Our view on what was going on and what to do took shape:
- Some drivers for absenteeism affected all employees, such as highly variable workloads between months over the course of a year and having no vacation days to spare. This was likely a matter of predictability and control: the more unpredictable work was and the less employees felt they could decline shifts (and take leave instead), the higher the risk of absenteeism became.
We formulated solutions such as:
- Starting a pilot to monitor drivers such as the variance in workload/shifts per team so that managers know when to intervene to prevent absenteeism
- Changing the organization’s policy of actively encouraging employees to use up all available hours of leave, while still ensuring employees take time off to ‘recharge’
- Employees under 35, in particular, seemed to struggle with work-life balance, having trouble with full-time contracts and school schedules.
We discussed several solutions, but the most logical one was already being worked on:
- Altered contracts that guaranteed working only during school hours were being worked on in another initiative and were moved forward due to our findings.
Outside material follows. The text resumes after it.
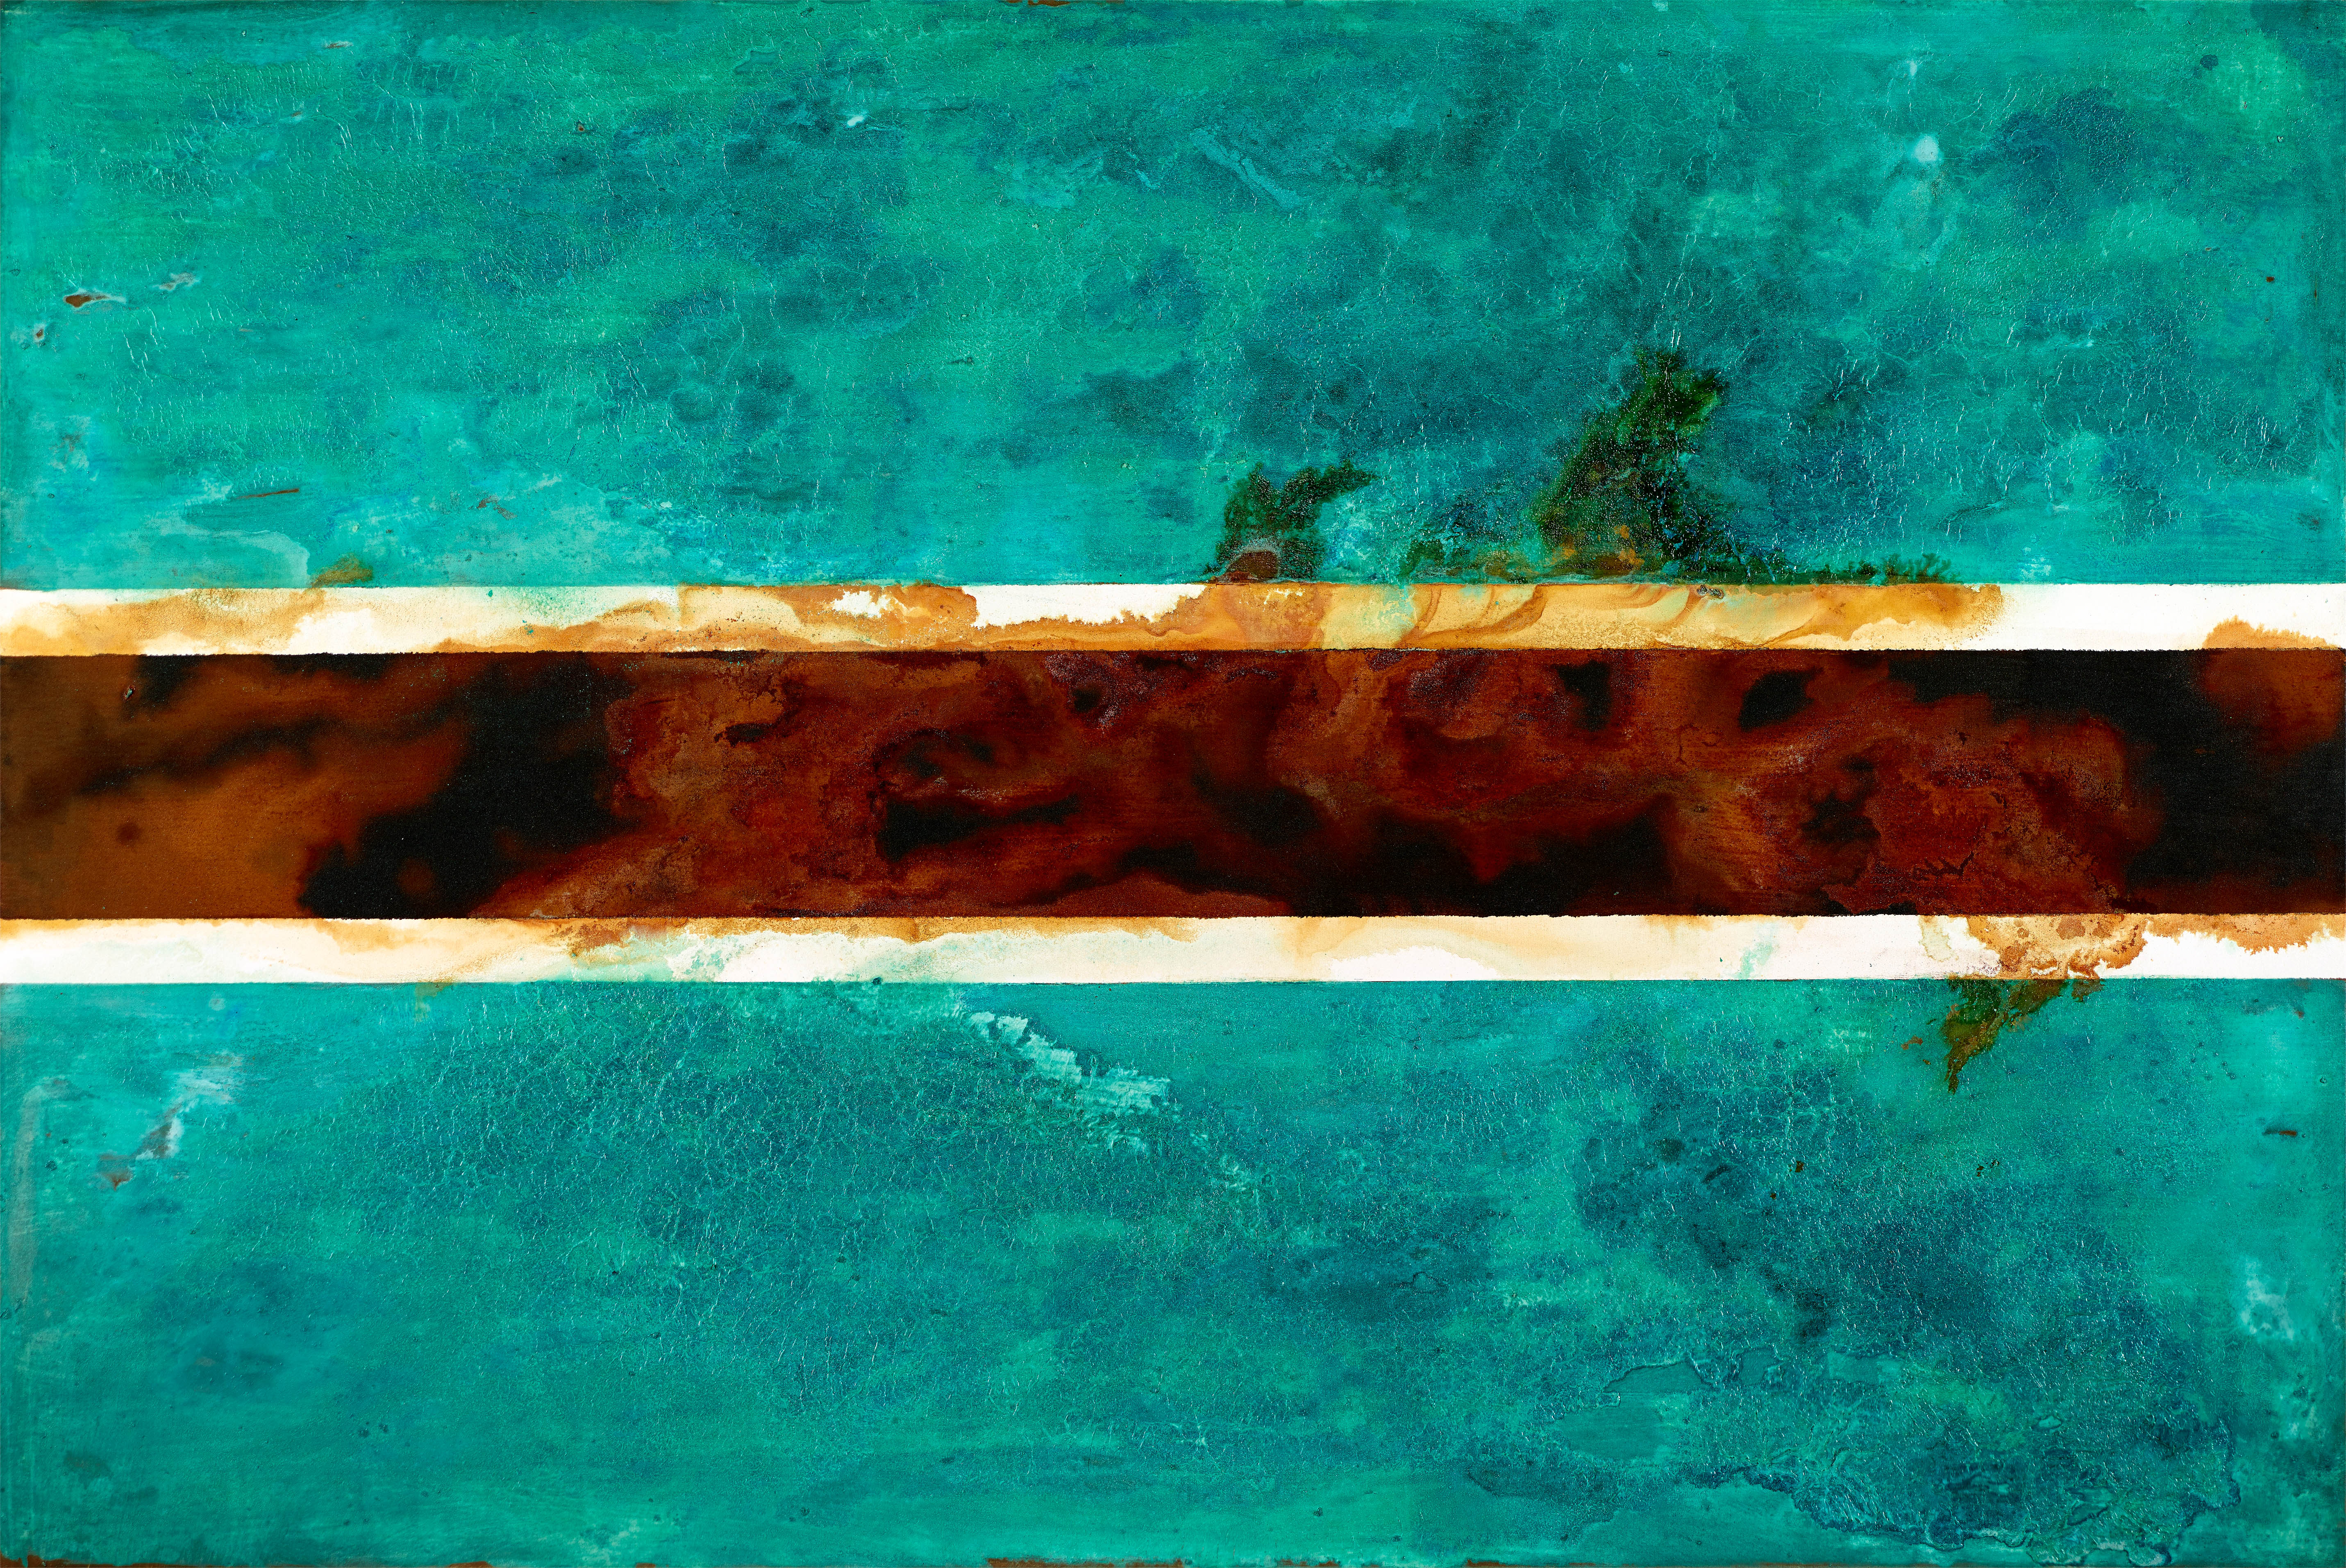 Bostwana -mixed rust medium and acrylic on canvas 1.2m x 1.8m -  HHR

- Employees over 55 showed an increased response to general indicators for absenteeism, such as larger contracts and having few vacation days left. These effects seemed to revert to normal in teams with more control over their work schedules; teams that filled shifts on a tit-for-tat basis between individuals.
Two next steps came out of our discussion
- Move forward with general solutions, as these were likely beneficial for this group.
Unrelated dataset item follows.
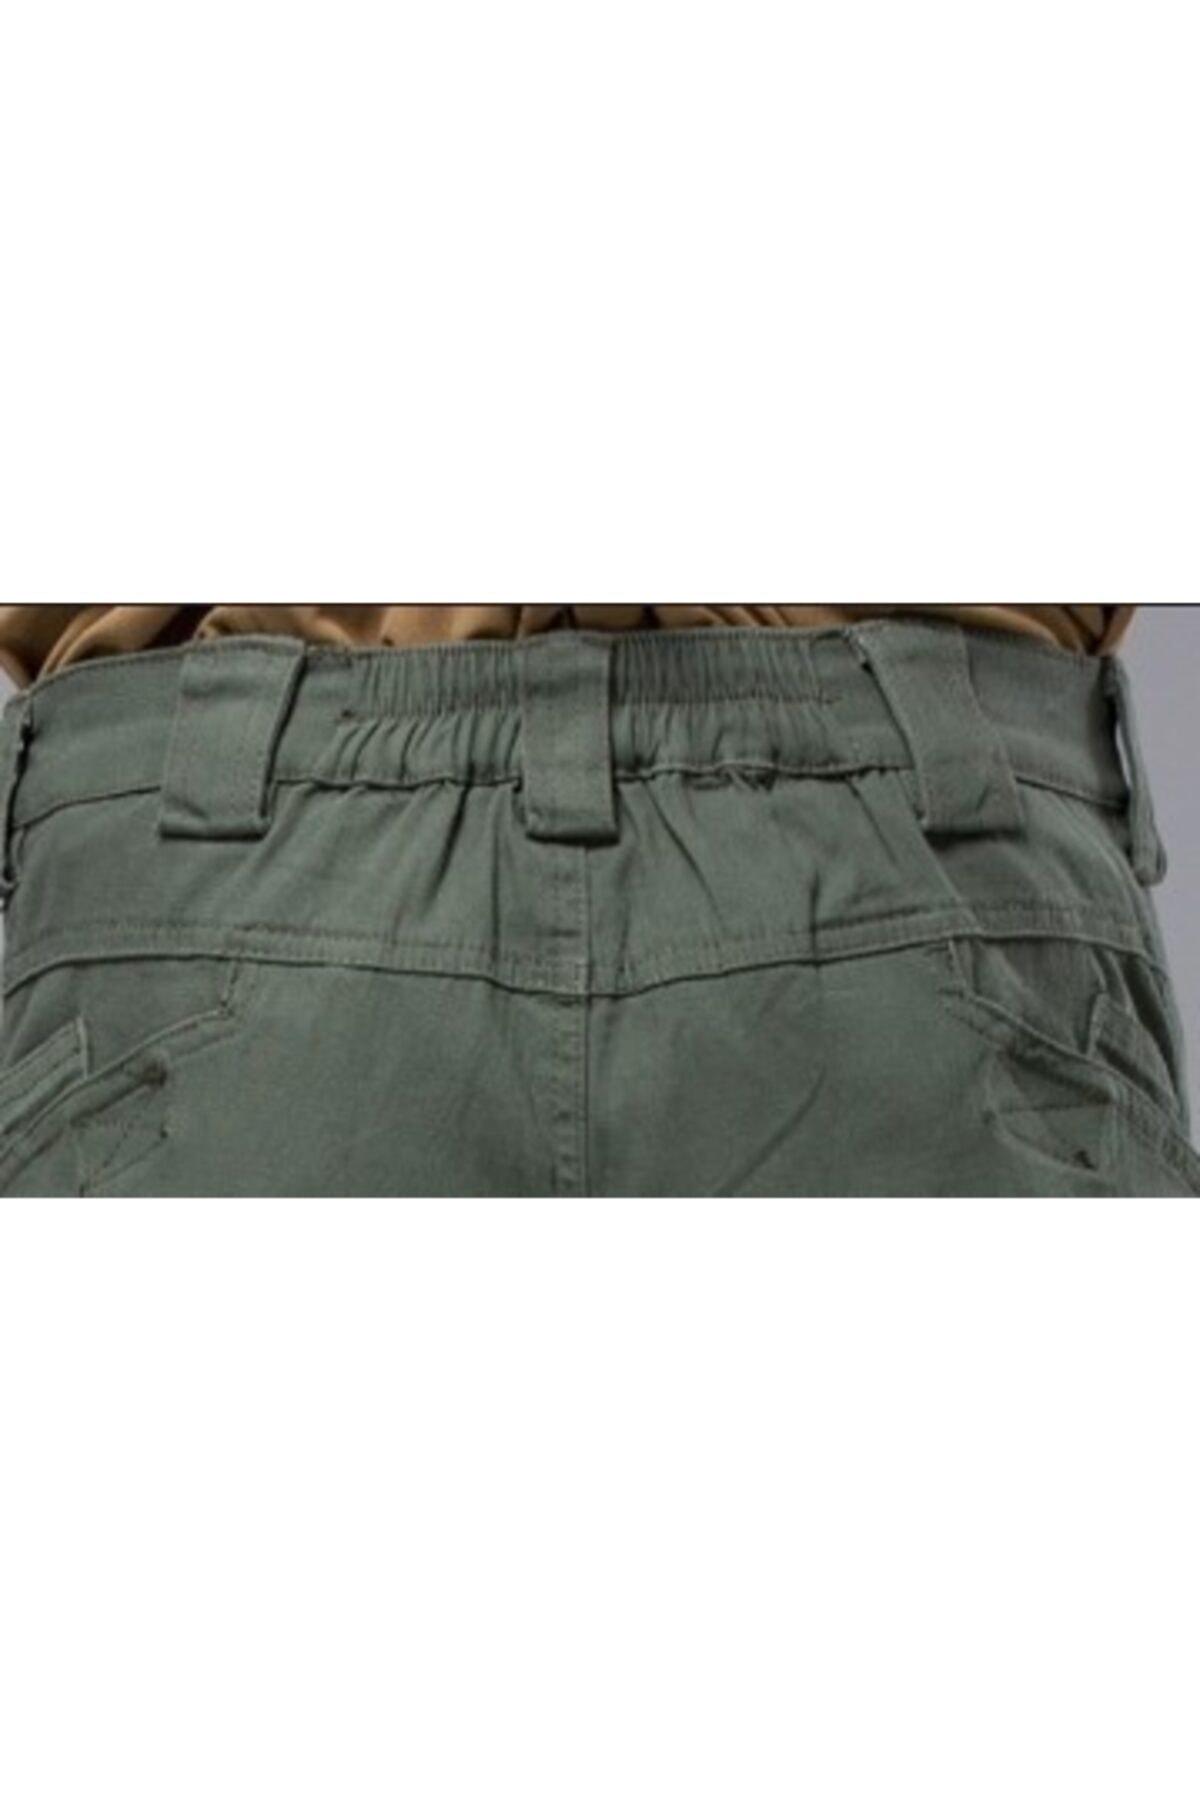 MONTANA TAKTİKAL Erkek Haki Yeşil Model Tactical Pantolon *32x32* 2

- Follow-up with an investigation regarding the increased risks. It was thought to be likely due to how work had changed and become more digital over the years, leaving employees to feel less in control in part due to new systems.
In designing the case I was delighted to find that analytics can be a success in medium-sized organizations; as said before, we counted approximately 1500 FTE for this case. In fact, the results were often statistically sounder than they would have been in most larger organizations. The reason is that this organization had a fairly homogeneous workforce, mainly consisting of one function and a few supporting roles. I have seen large companies where every team consists of several functions and not one single role or function comes close to 1500 FTE.
Success with analytics also depends on collaboration and follow-up. I was impressed with how this healthcare organization embraced analytics to understand the problem while keeping their feet firmly planted on the ground while we jointly designed interventions to help employees and reduce absenteeism. Fitting solutions are not always digital, but may also be new contracts and policies. This relatively small organization demonstrated that.
Most importantly, they clearly realized that it is not only about achieving goals and having indicators in the green. How those indicators come to be green may be even more important. That is why action was aimed at understanding employees and preventing absenteeism by helping them, only to monitor the effectiveness of initiatives through indicators.
They used analytics in the best possible way: to understand people with facts and help them with a human touch.